▸ HOW TO COMPLETE THIS TASK:
Your copy should contain exactly the lines from the one that holds "carta da parati" through the end of the material, reproduced as written, with no pictures.

[DATA SECTION — start]

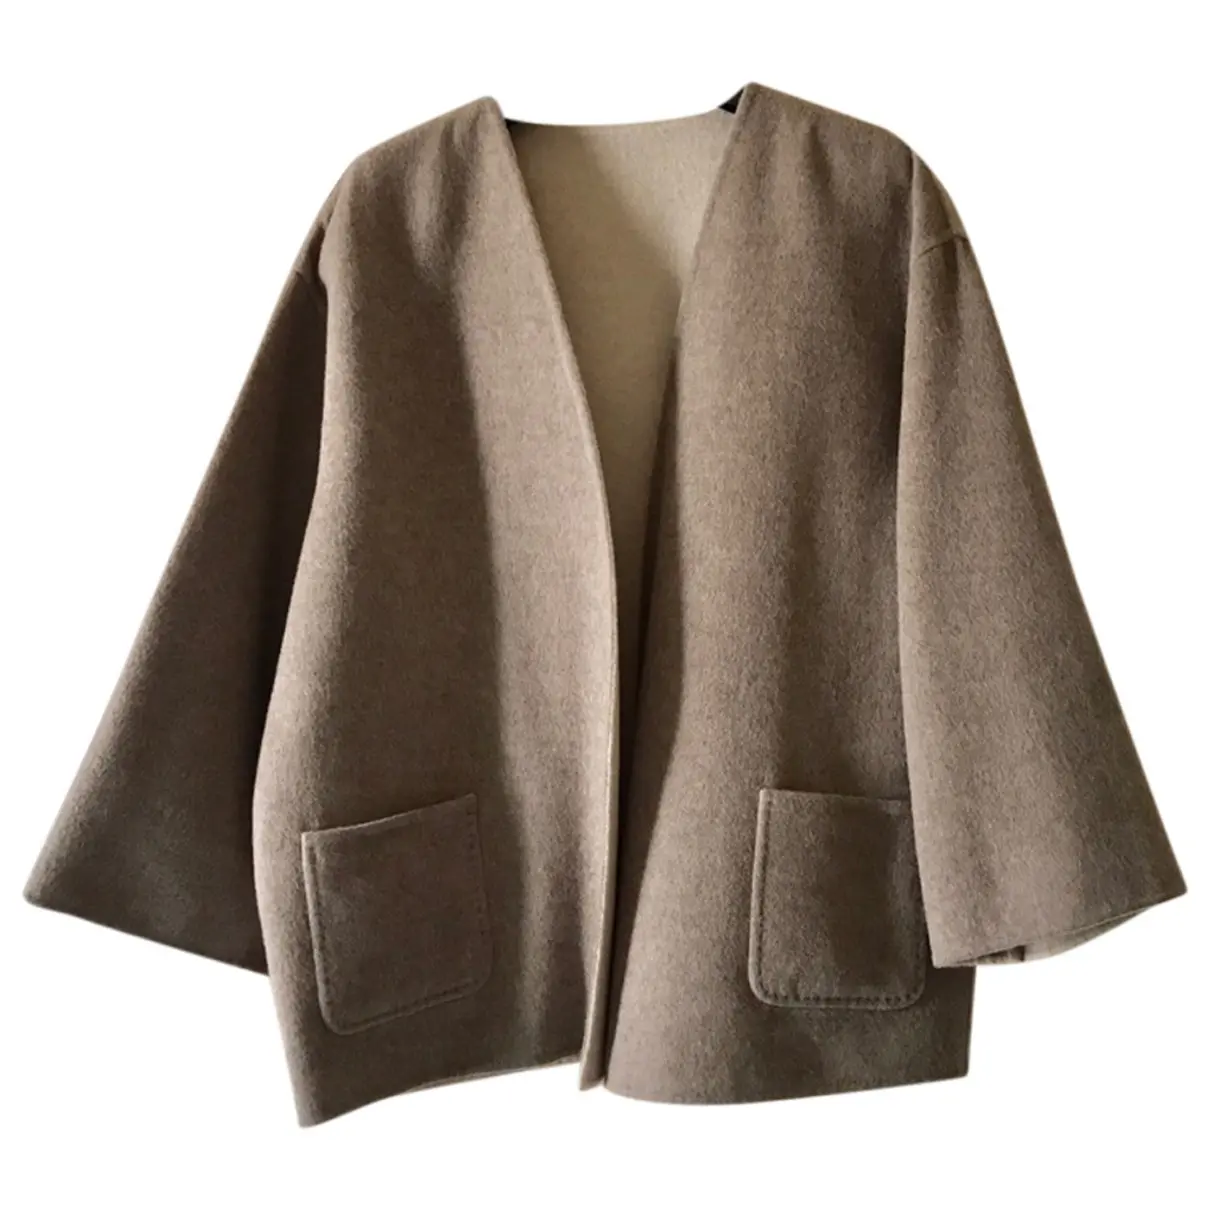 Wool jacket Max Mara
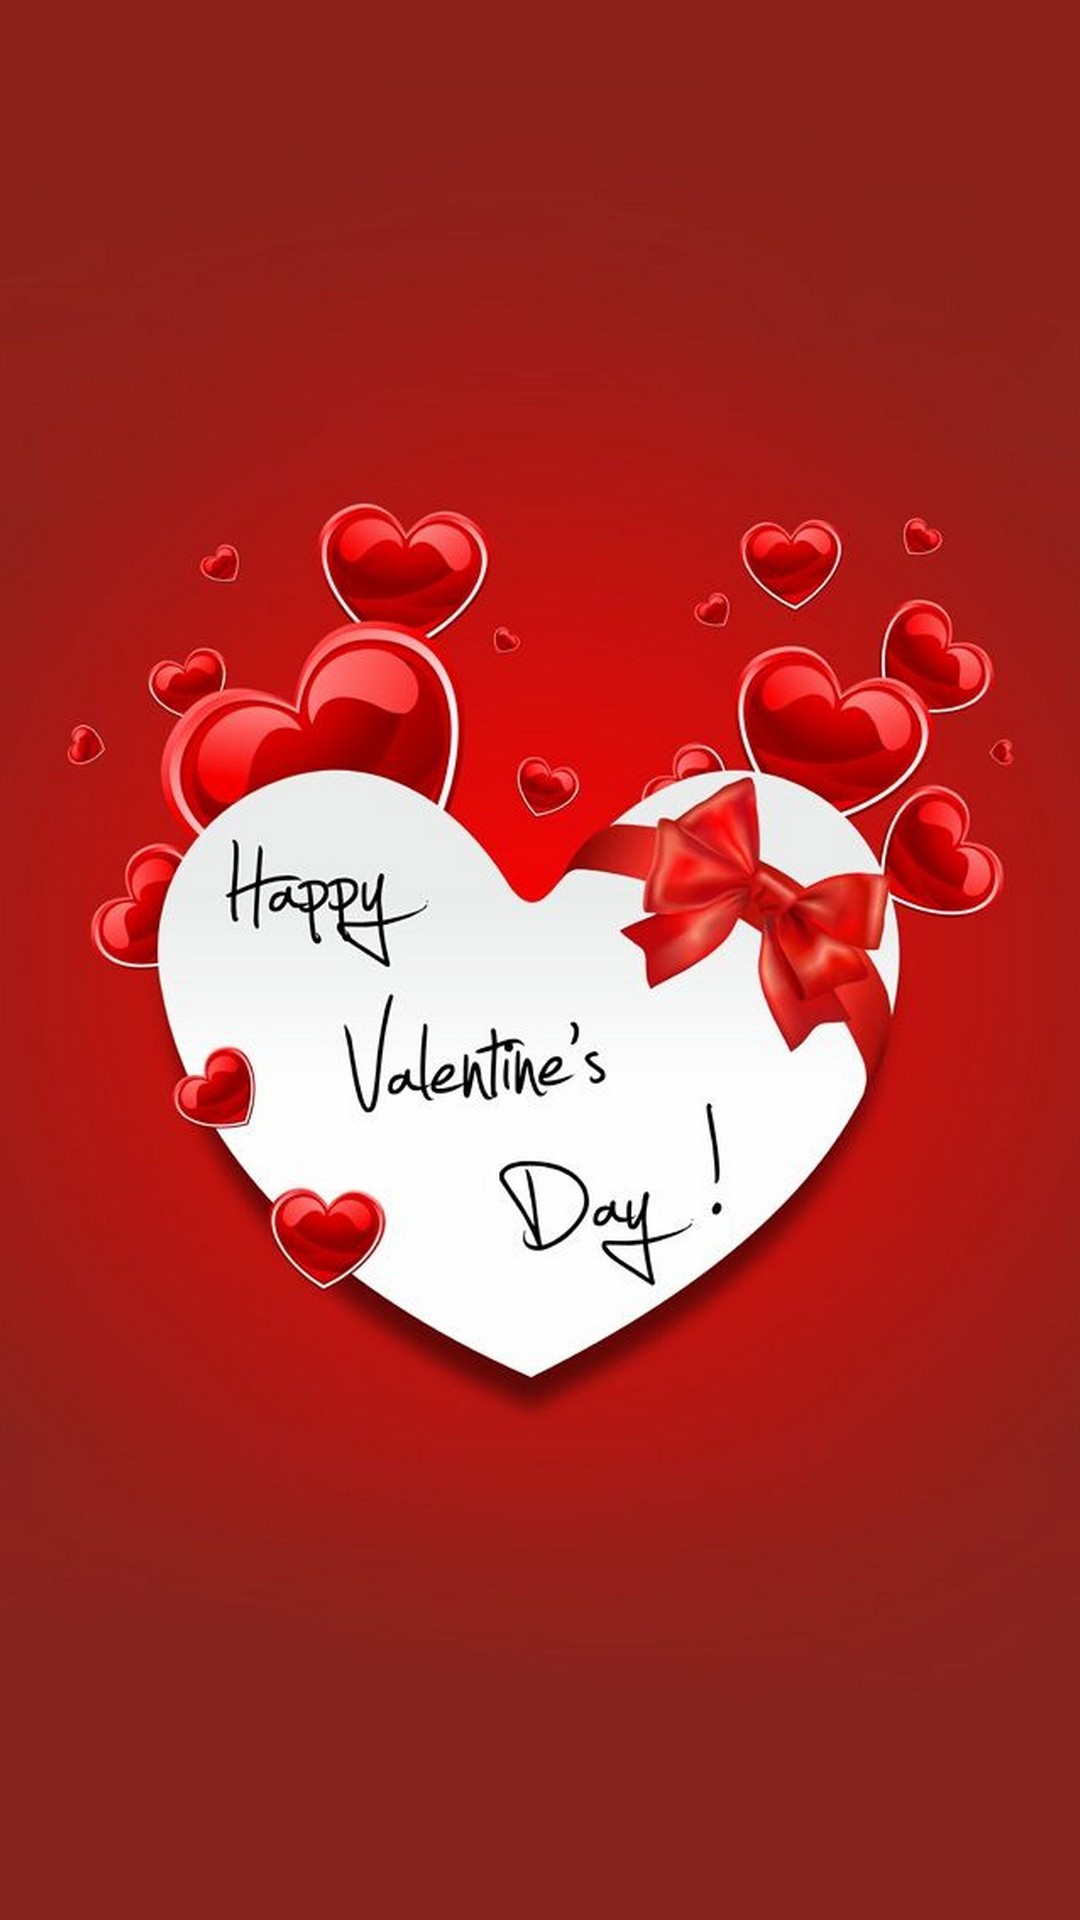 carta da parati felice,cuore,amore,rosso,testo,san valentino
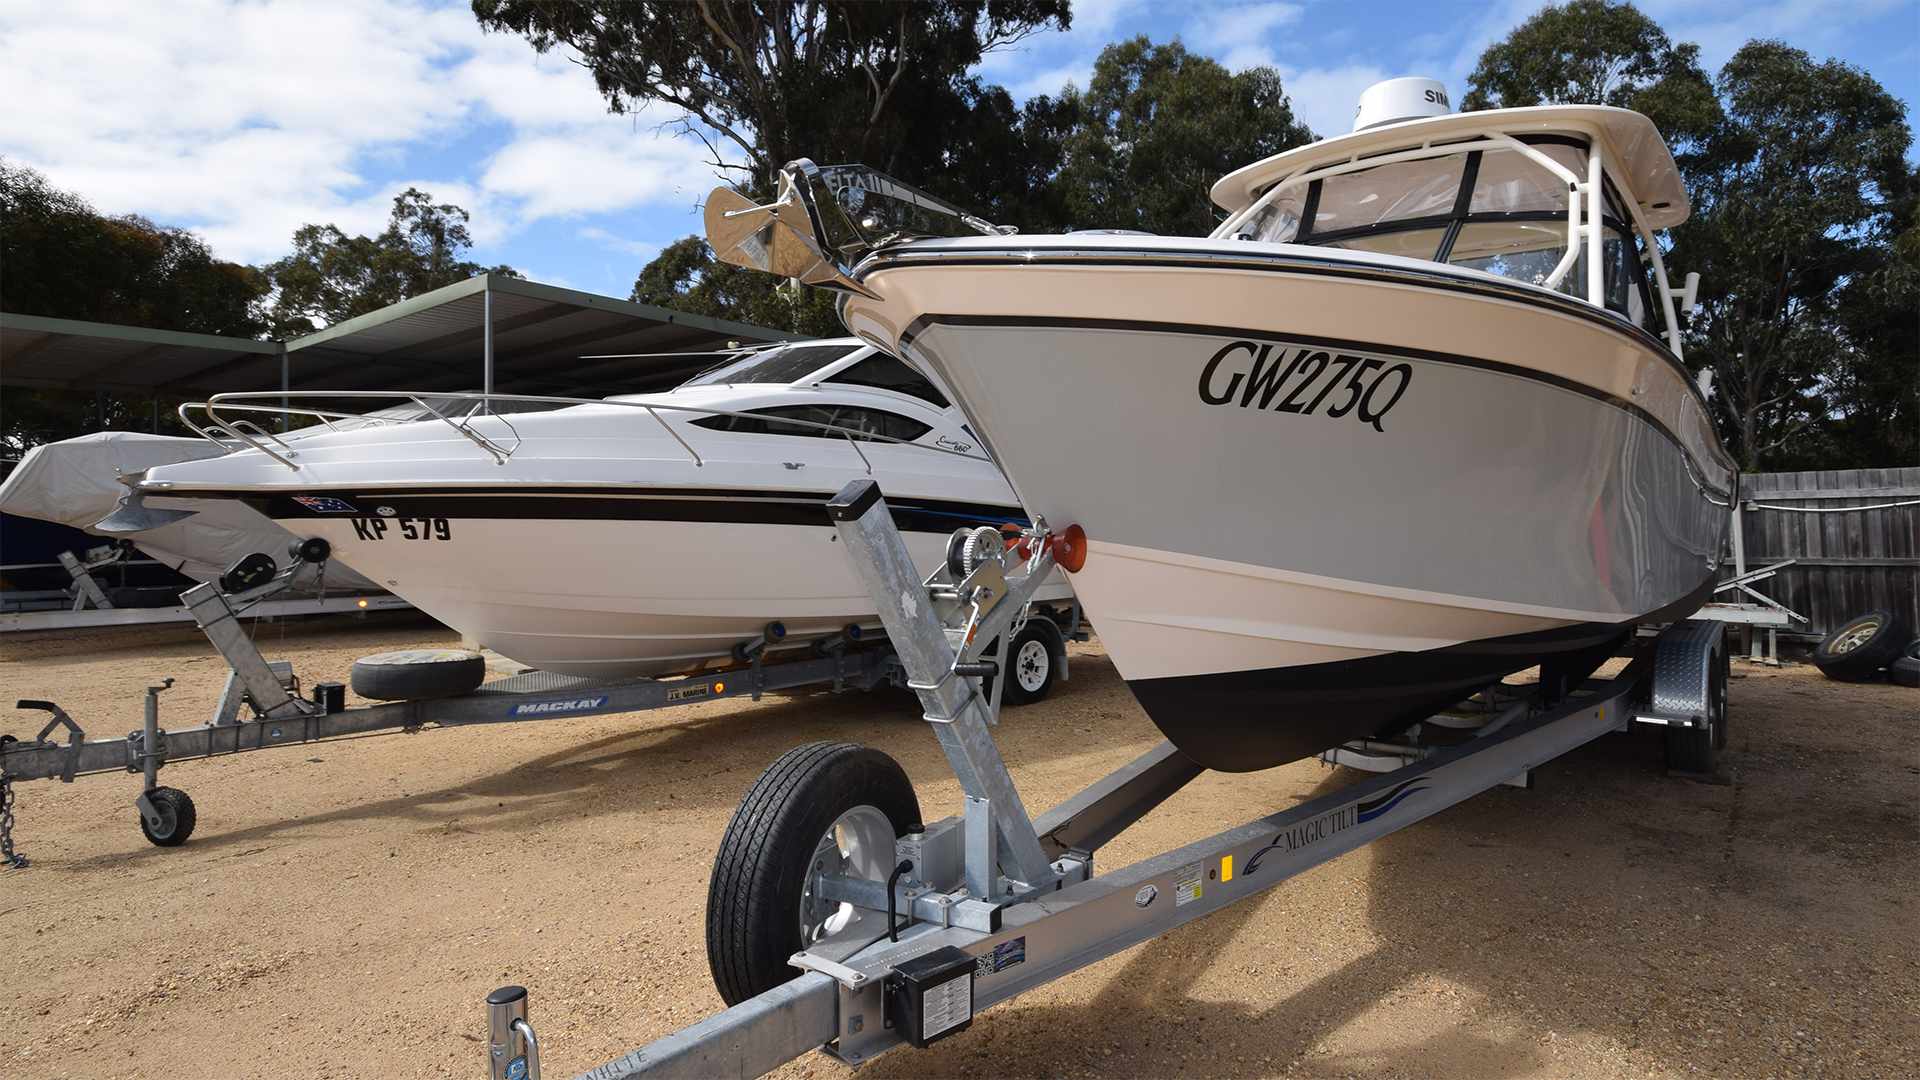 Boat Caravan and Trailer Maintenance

[DATA SECTION — finish]

▸ SOLUTION TO THIS TASK:
 carta da parati felice,cuore,amore,rosso,testo,san valentino
 Boat Caravan and Trailer Maintenance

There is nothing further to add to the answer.